Drake can be particularly useful for orchestrating data-science tasks you may want to do in R. R has good support for doing repeatable analysis, reporting and integrates well with hadoop. This tutorial will show a simple example of using drake to structure the process of getting some web data, formatting it with R, generating a simple report with R, then passing the data to RHadoop for other analysis.

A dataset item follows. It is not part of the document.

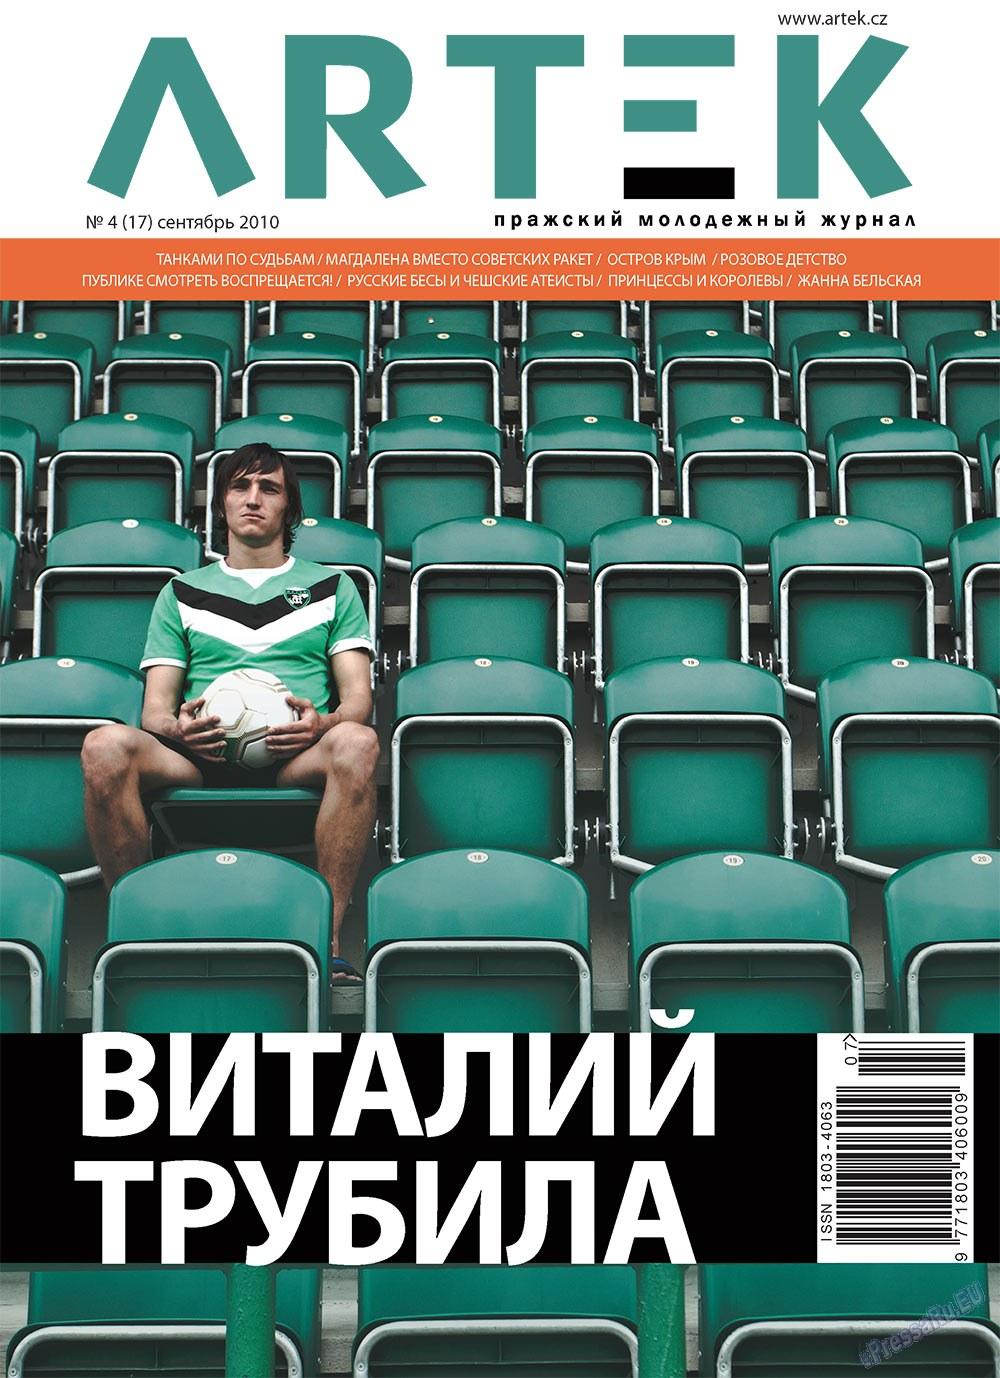 Артек (журнал). 2010 год, номер 4, стр. 1

First, generate your Drakefile with the step to get some data

Drakefile:

;
; This Drake workflow allows users to search freebase for entities by name. Then summarizes the types of objects which the resulting entities are. 
;

search_term="drake" 
;This step fetches the freebase search result based on your search term
$[search_term].json <- 
    echo 'https://www.googleapis.com/freebase/v1/search?query=$[search_term]&output=(type)' > tmp_url
    cat tmp_url
    wget -i tmp_url -O $OUTPUT

To run only this step, run

drake =$search_term

which should give you a json file with the following structure:

{"status":"200 OK","result":[{
    "mid":"/m/034ks",
    "id":"/en/galileo_galilei",
    "name":"Galileo Galilei",
    "notable":{
        "name":"Physicist",
        "id":"/m/05snw"},
    "lang":"en",
    "score":112.919083,
    "output":{
        "type":{
            "/type/object/type":[{
                "id":"/book/author",
                "mid":"/m/01xryvt",
                "name":"Author"}]
                }
            }
            }]}

Next, we use drake's R protocol to take the json result from freebase to generate a data frame with the names and types of each result.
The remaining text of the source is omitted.